● **ASSIGNMENT**: Lines from the one containing "L'arbre de Noël" through the end of the material are to be retyped exactly; do not copy pictures.

● **SUPPLIED MATERIAL**:

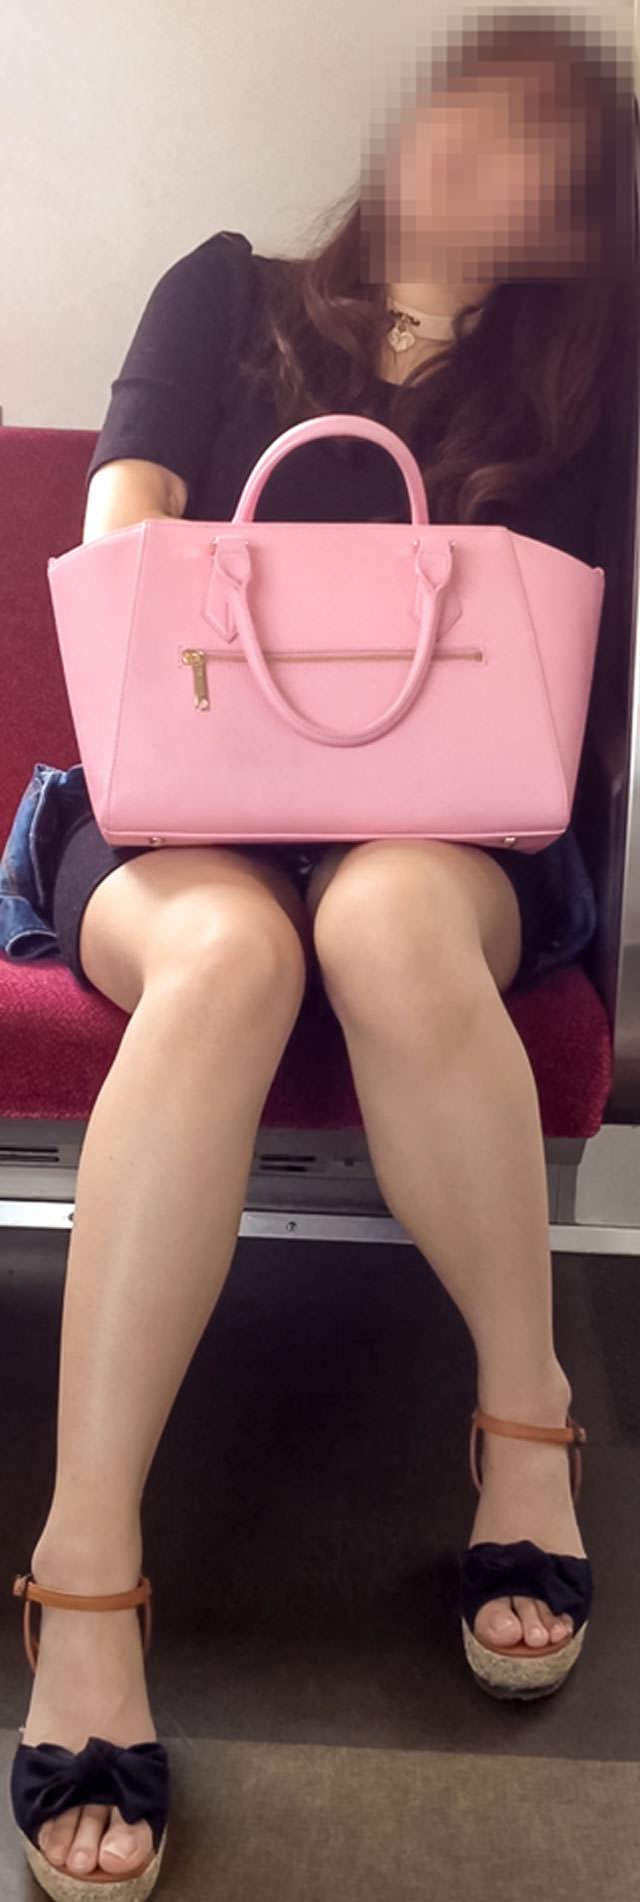 電車内って視線を低くするだけでパンチラ天国だろ!!!パンツモロ見え隠し撮りwwww 1616
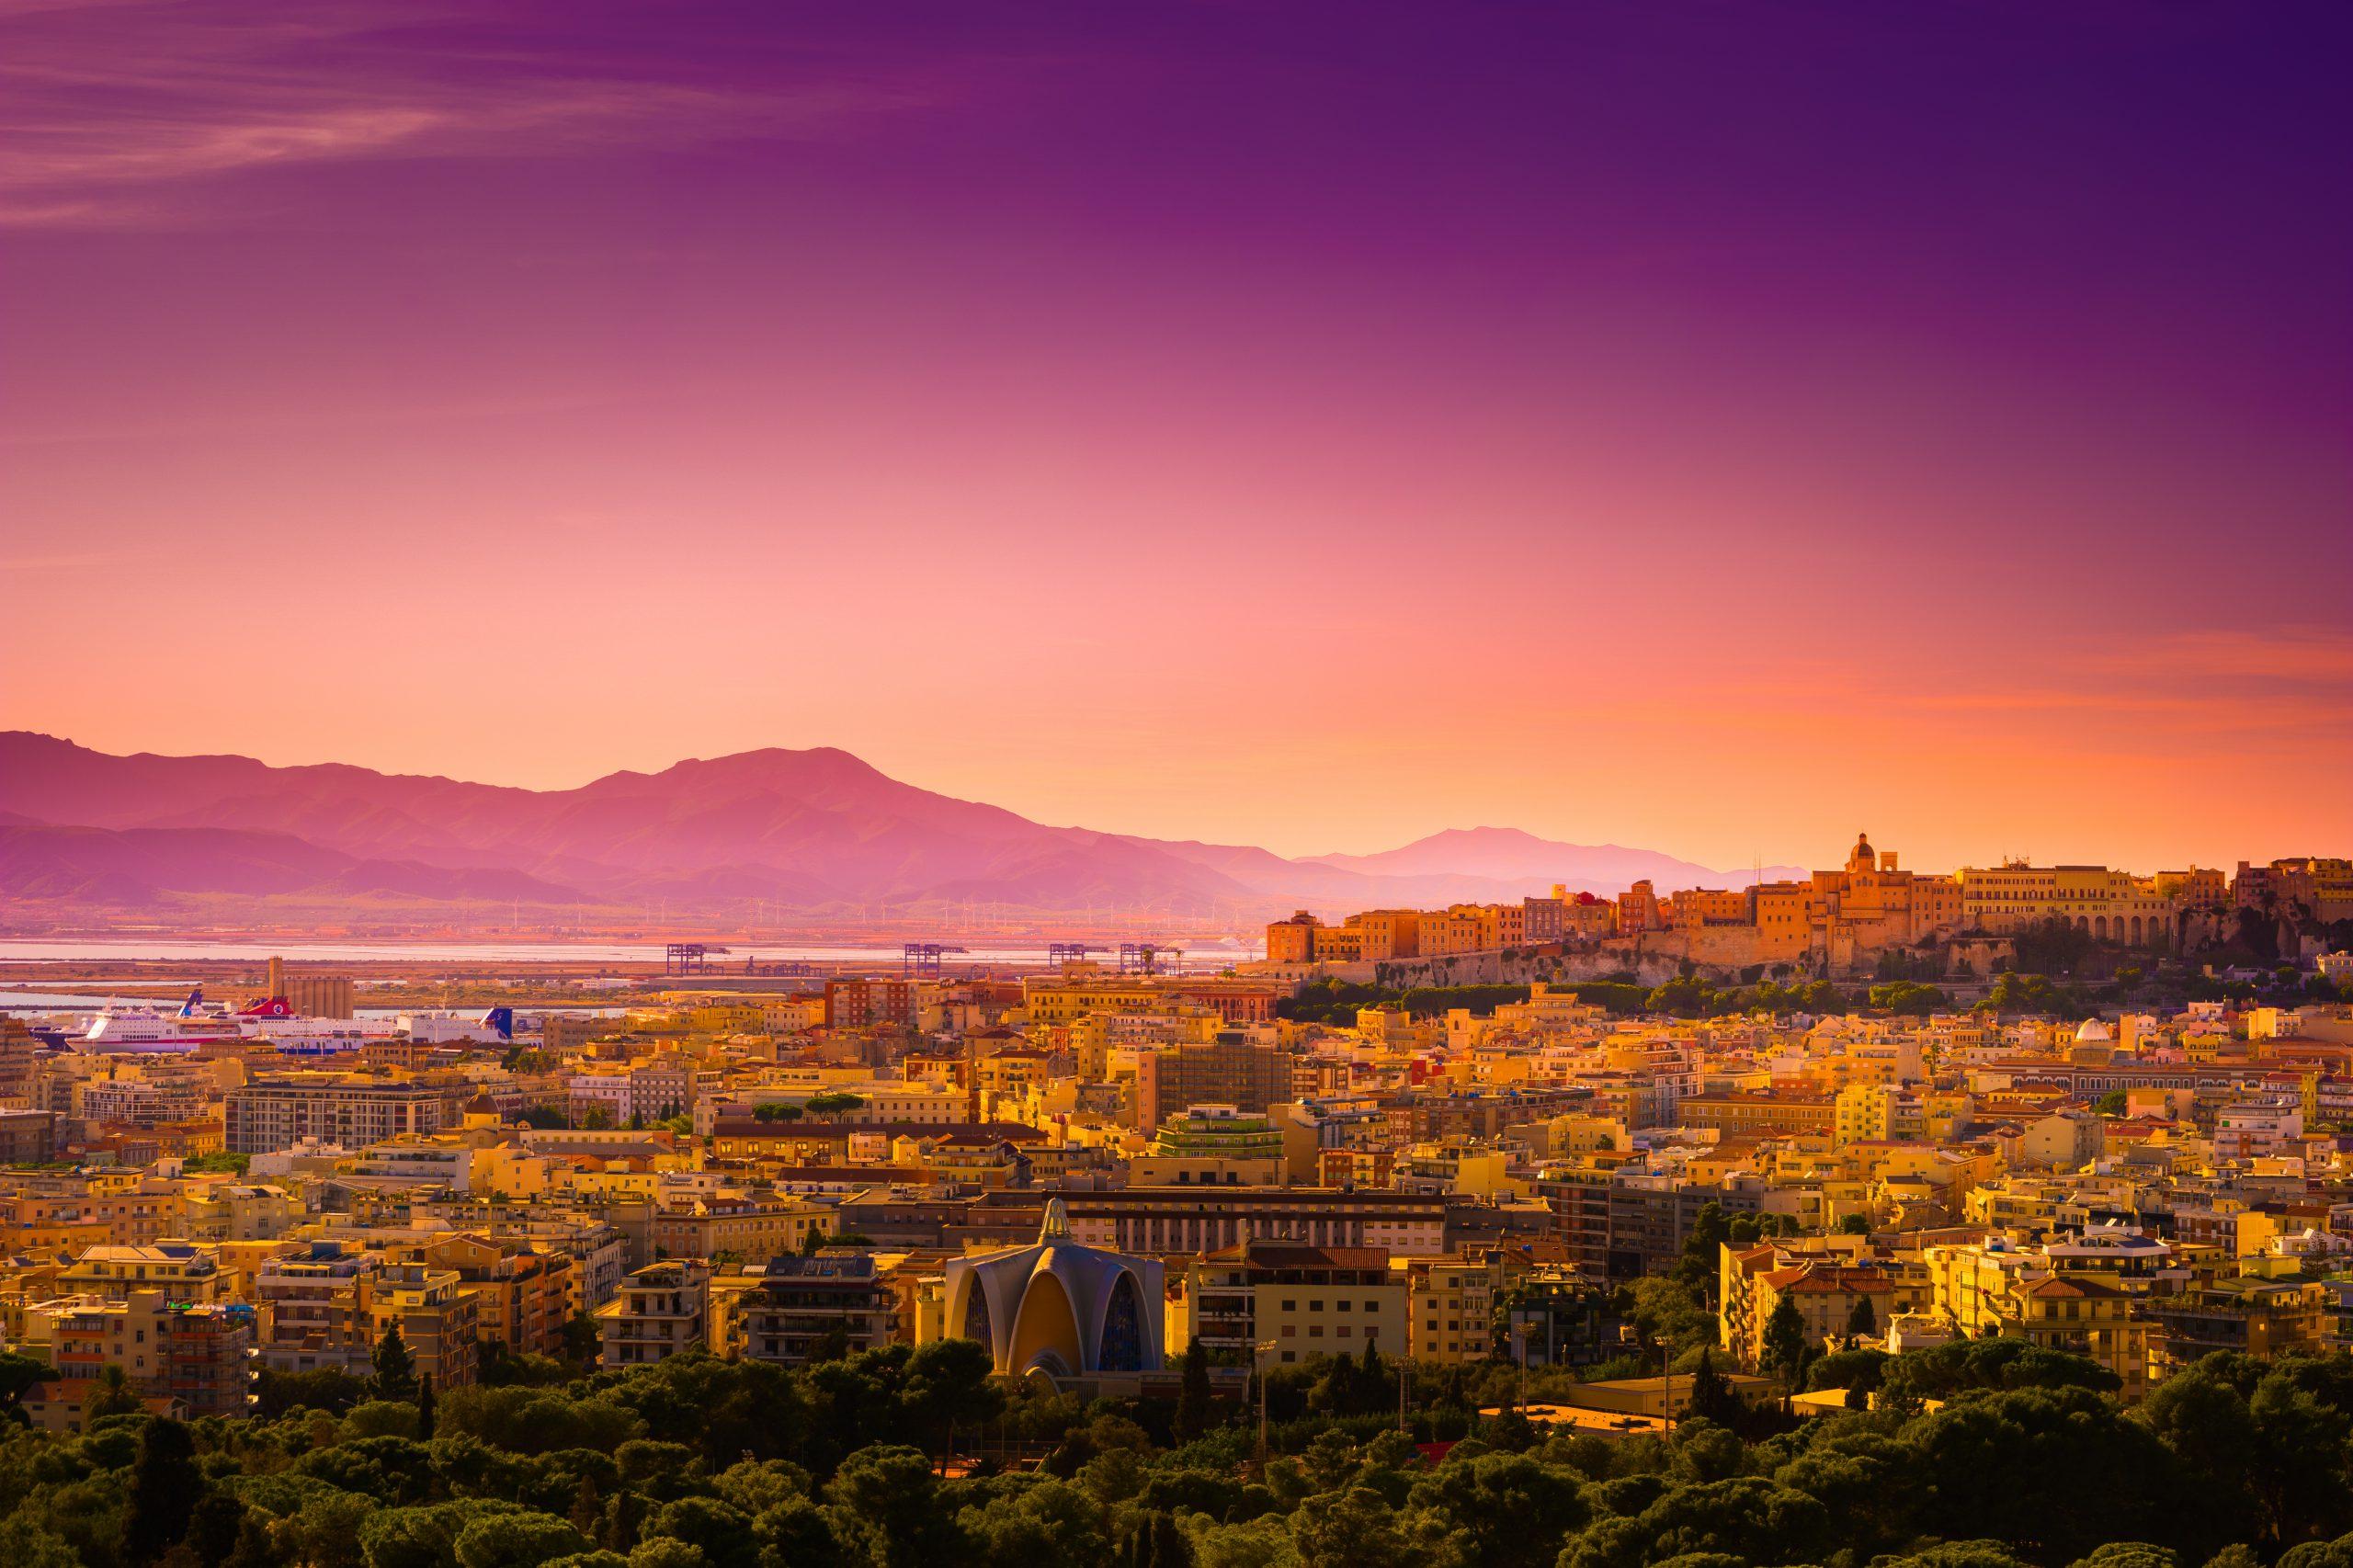 Cagliarii - najlepsze hotele i noclegi nad morzem
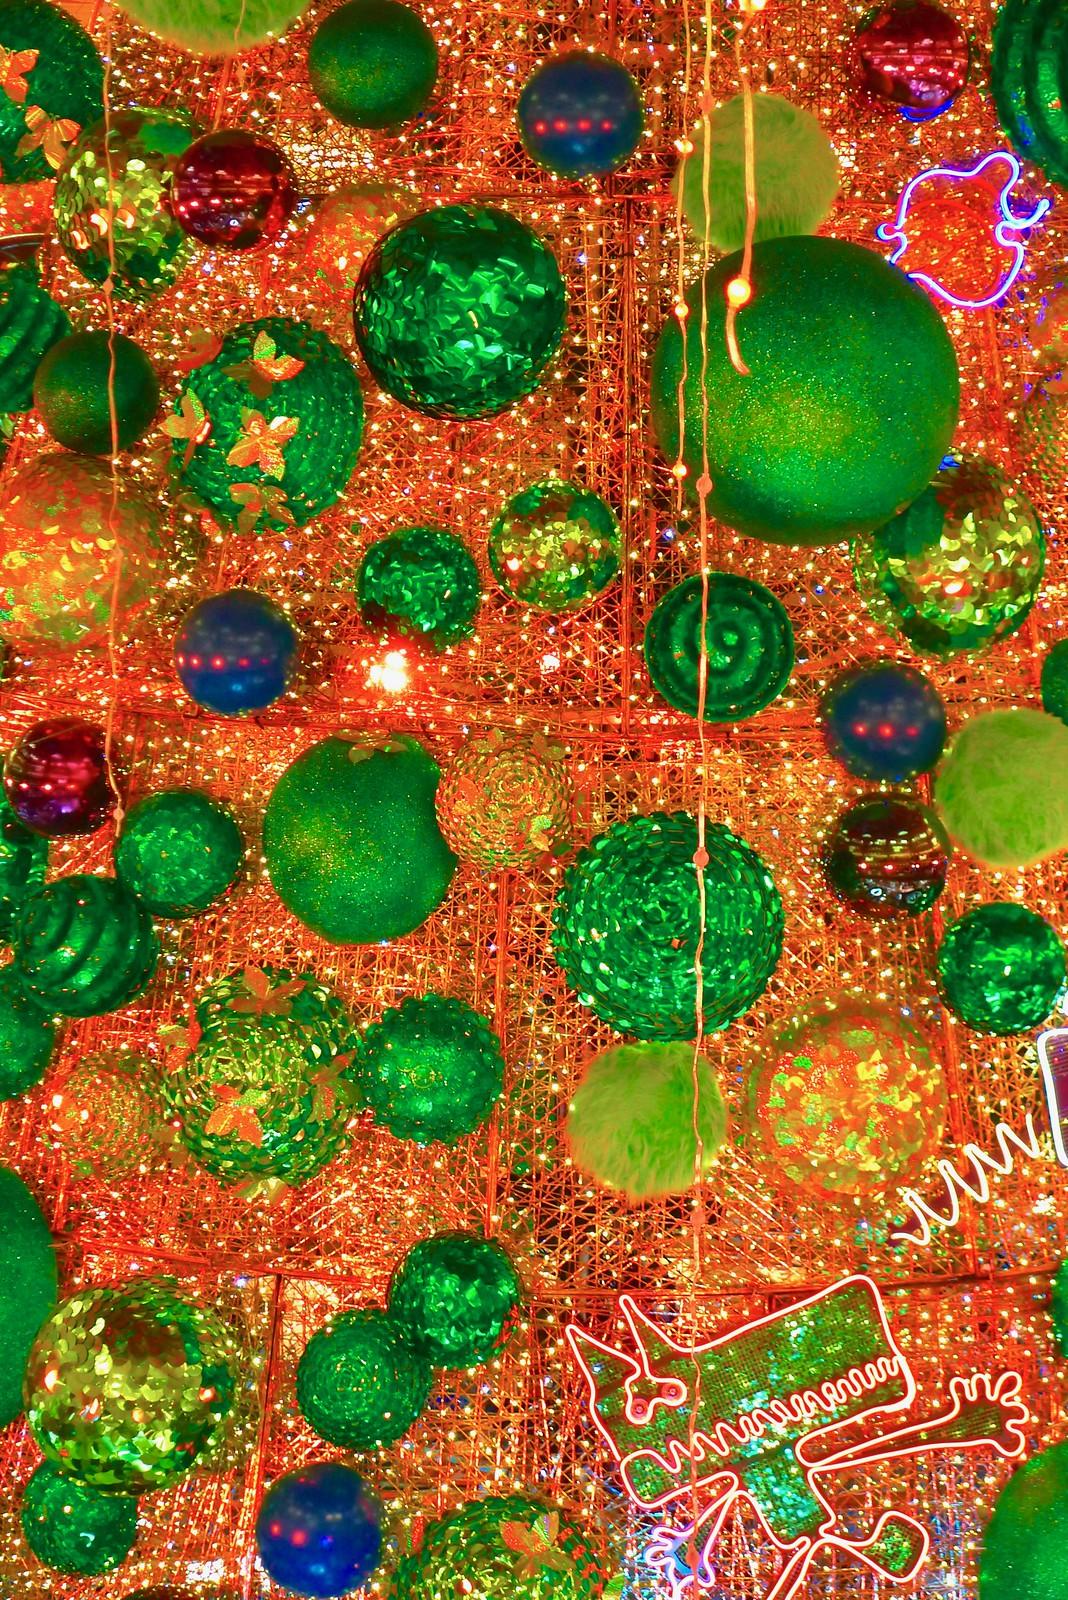 L'arbre de Noël 2018 aux Galeries Lafayette Haussmann, Paris
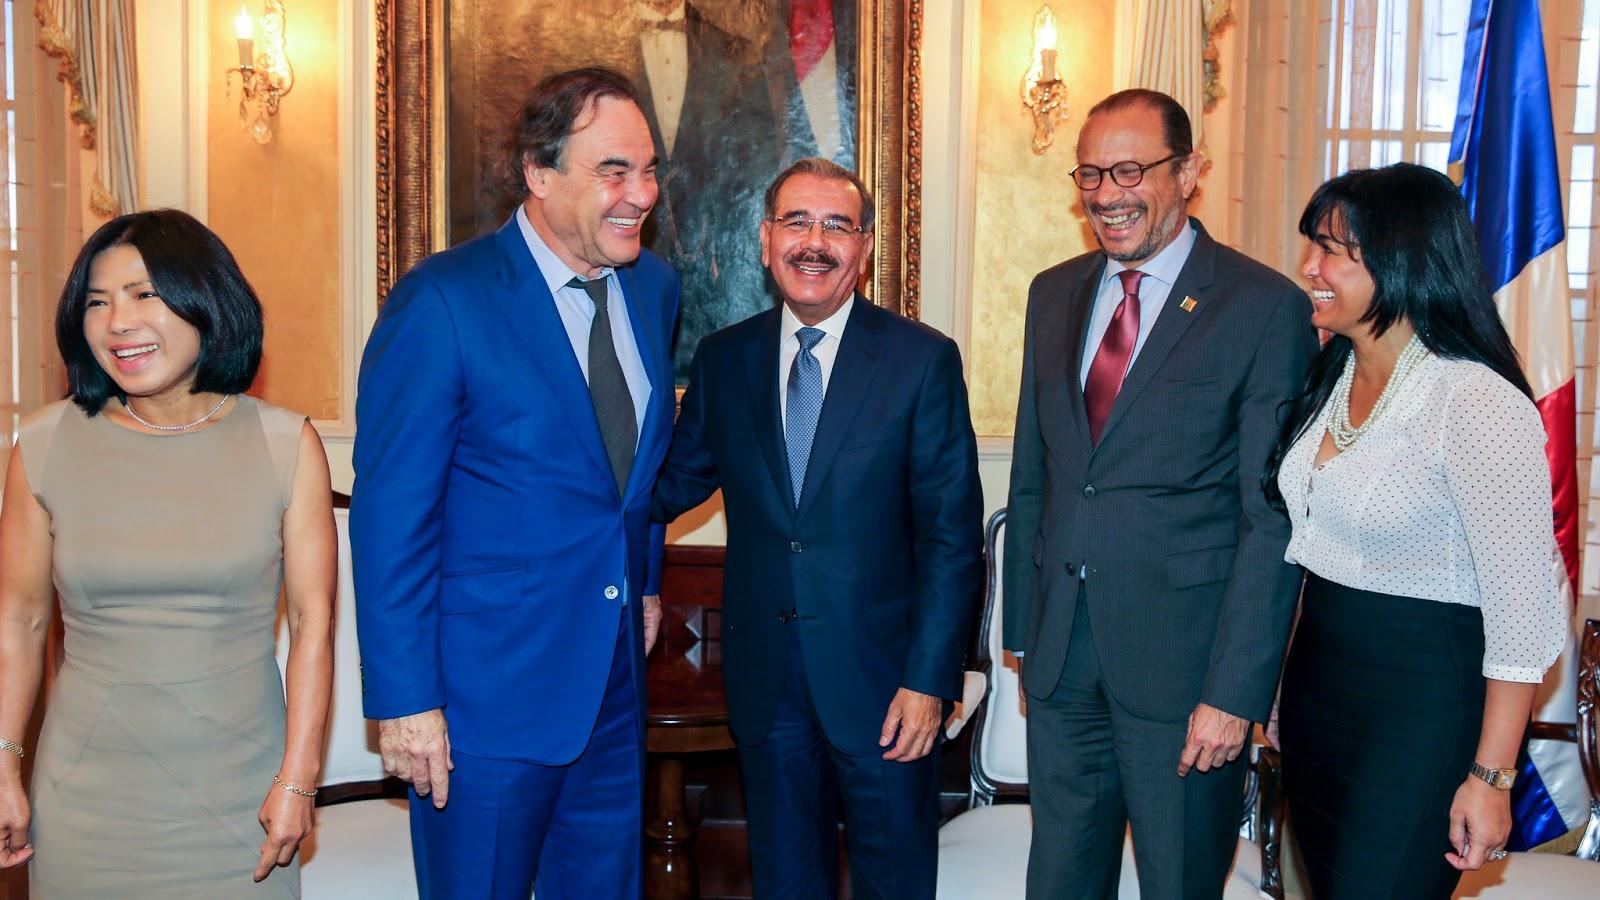 Danilo Medina y Oliver Stone conversan sobre educación y cine

● **TASK SOLUTION**:
 L'arbre de Noël 2018 aux Galeries Lafayette Haussmann, Paris
 Danilo Medina y Oliver Stone conversan sobre educación y cine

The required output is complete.